Double-Diffusive Magnetoconvection of a Dusty Micropolar Fluid Saturating a Porous Medium

1Energy Research Centre, Panjab University, Chandigarh 160014, India
2Dr. S. S. Bhatnagar University Institute of Chemical Engineering and Technology, Panjab University, Chandigarh 160014, India

Received 29 April 2013; Accepted 14 July 2013

Academic Editors: A. Aghamohammadi, A. Sanyal, and F. Sugino

Copyright © 2013 Parul Aggarwal and Urvashi Gupta.

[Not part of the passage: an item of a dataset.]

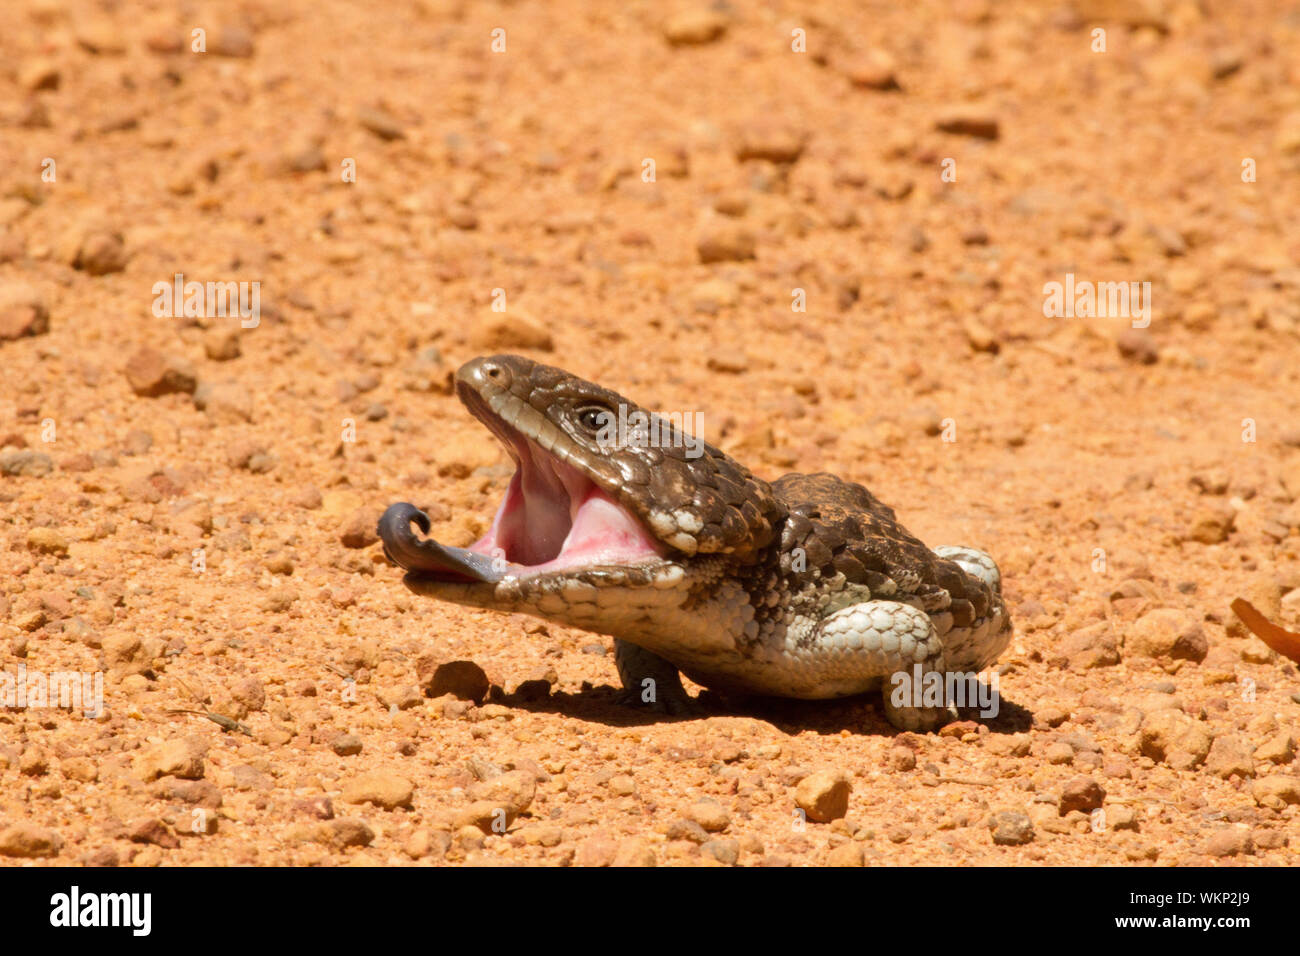 Close-up Of Lizard On Red Soil Stock Photo

This is an open access article distributed under the Creative Commons Attribution License, which permits unrestricted use, distribution, and reproduction in any medium, provided the original work is properly cited.

Abstract

The paper deals with the theoretical investigation of the effect of dust/suspended particles on a layer of electrically conducting micropolar fluid heated and dissolved from below in the presence of a uniform vertical magnetic field in a porous medium. The presence of coupling between thermosolutal and micropolar effects and magnetic field brings oscillatory motions in the system. A dispersion relation governing the effects of solute gradient, magnetic field, and suspended particles is obtained for a fluid layer contained between two free boundaries using linear stability theory and normal mode technique. Graphs have been plotted by giving numerical values to various parameters involved to depict the stability characteristics for both cases of stationary convection and overstability. It has been found that, for permissible values of various parameters under consideration, the effect of magnetic field and solute gradient is stabilizing and that of medium permeability, suspended particles, and micropolar coefficient is destabilizing. Further it is found that the Rayleigh number for overstability is always less than that for stationary convection except for high values of suspended particle factor.